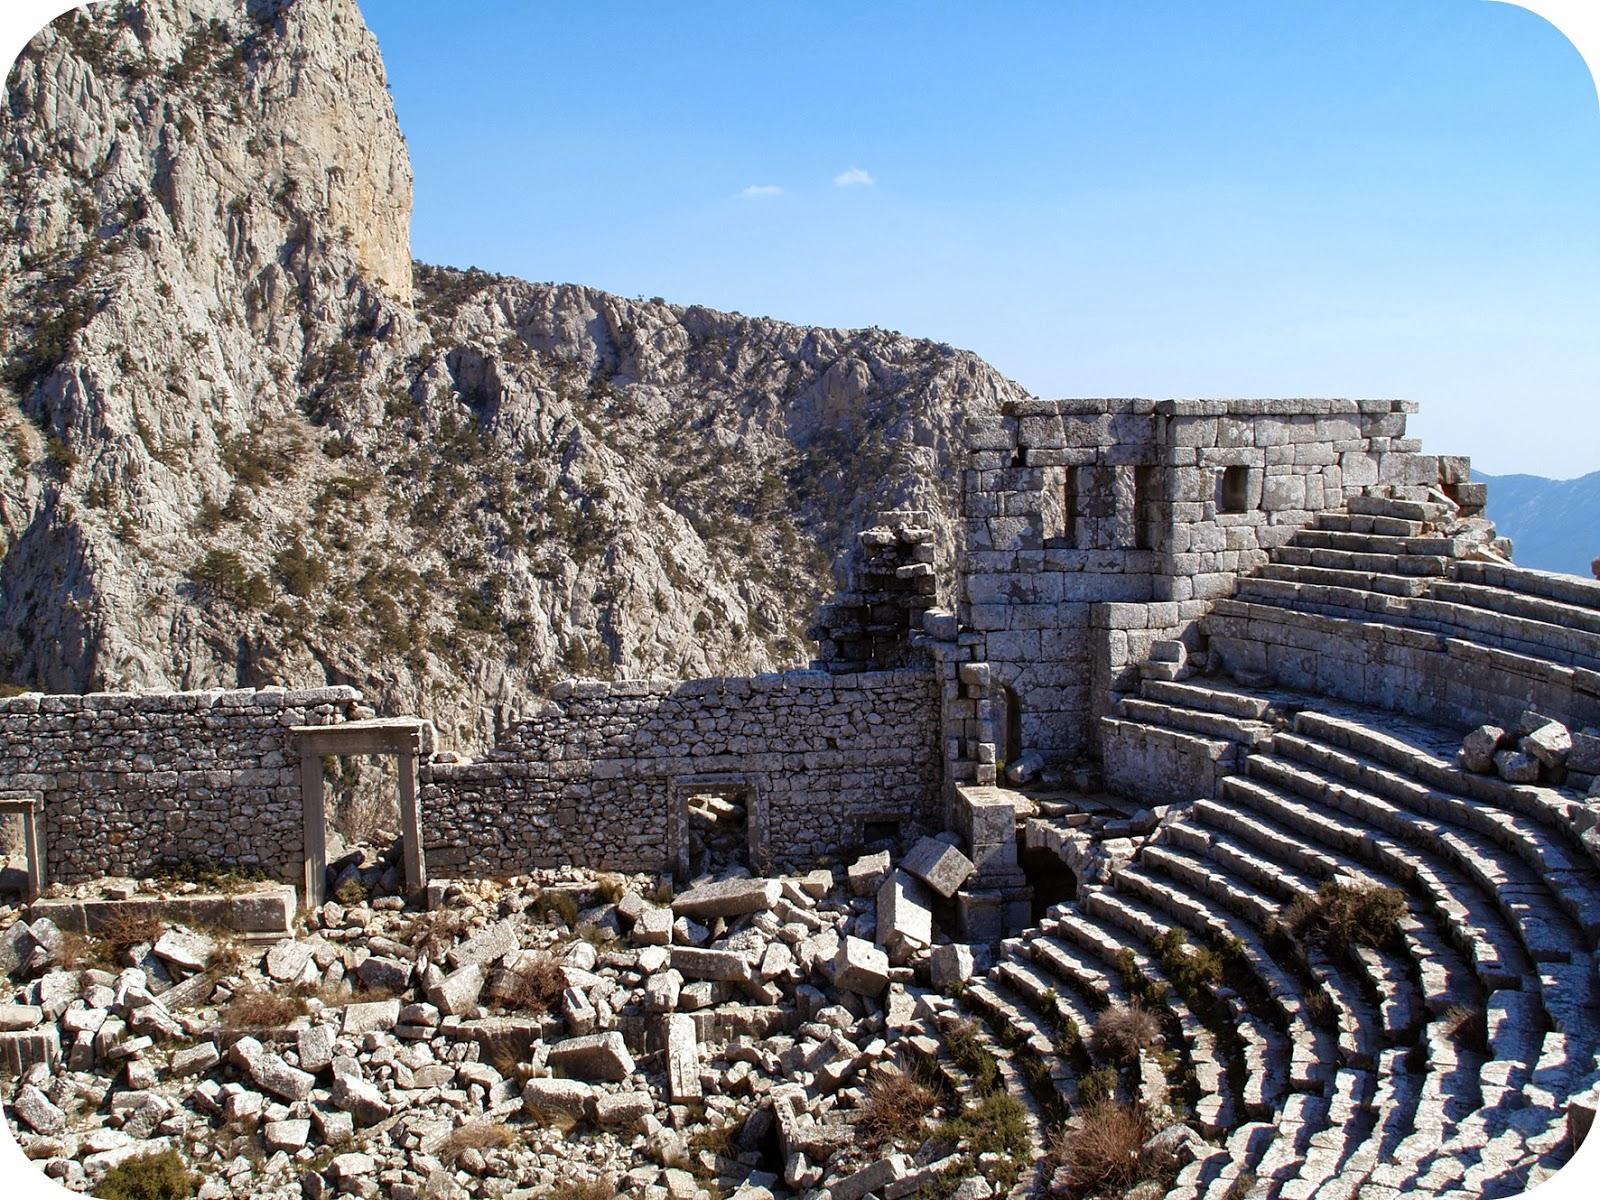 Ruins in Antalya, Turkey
+--
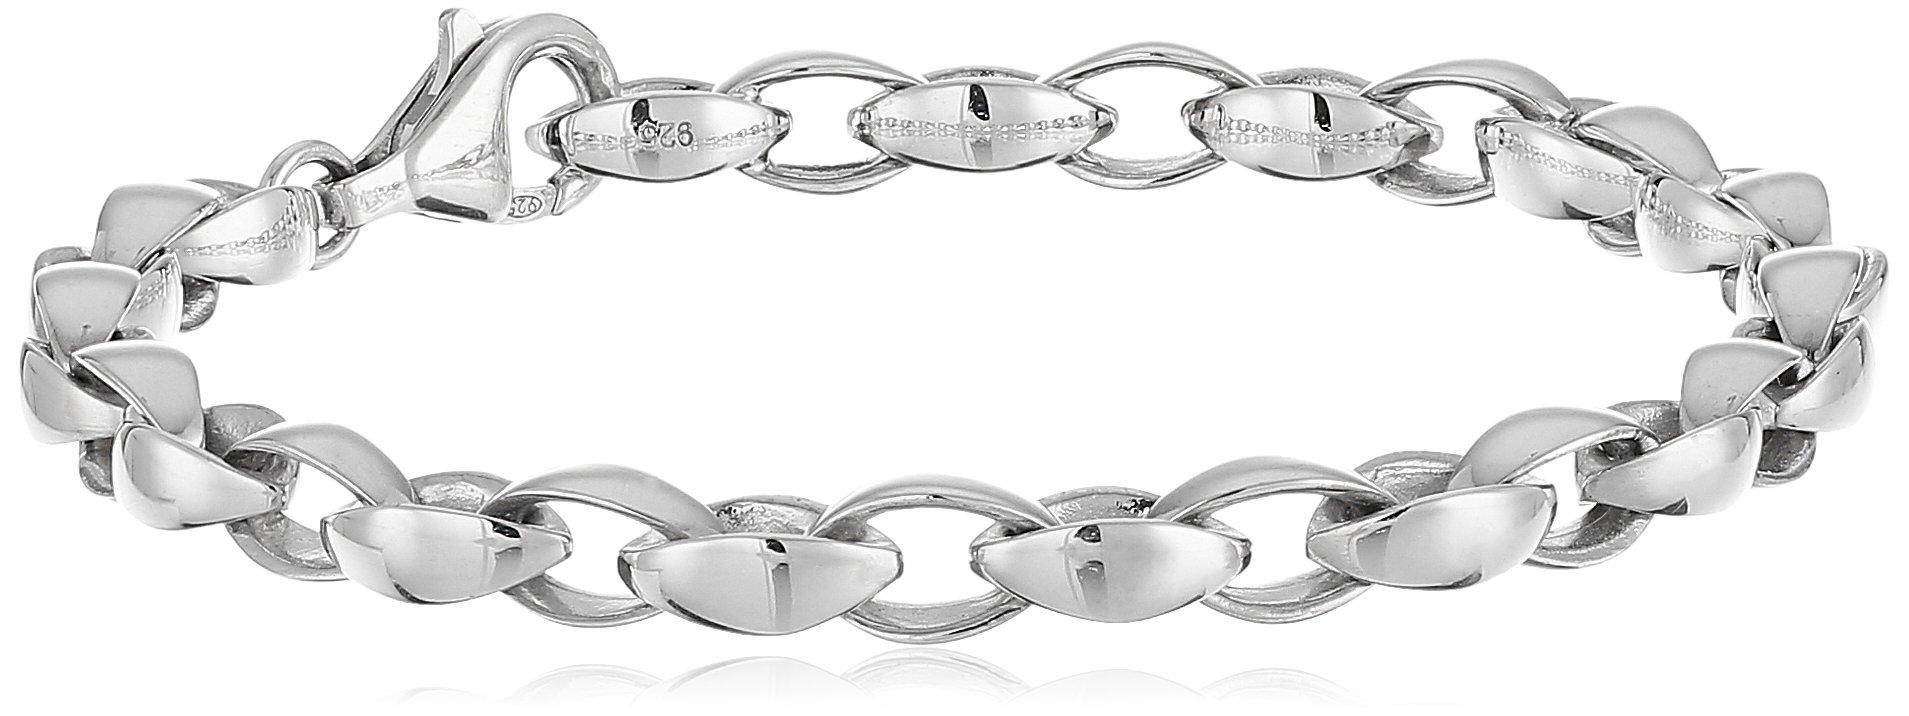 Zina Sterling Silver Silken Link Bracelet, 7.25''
+--
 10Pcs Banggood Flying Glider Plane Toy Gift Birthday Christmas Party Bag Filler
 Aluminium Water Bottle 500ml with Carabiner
+--
• **HOW TO COMPLETE THIS TASK**: In the listing above, locate the line containing "10Pcs Banggood Flying" and the line containing "Aluminium Water Bottle 500ml with Carabiner", then transcribe both and every line between them verbatim.

• **EXERCISE RESULT**:
 10Pcs Banggood Flying Glider Plane Toy Gift Birthday Christmas Party Bag Filler
 Aluminium Water Bottle 500ml with Carabiner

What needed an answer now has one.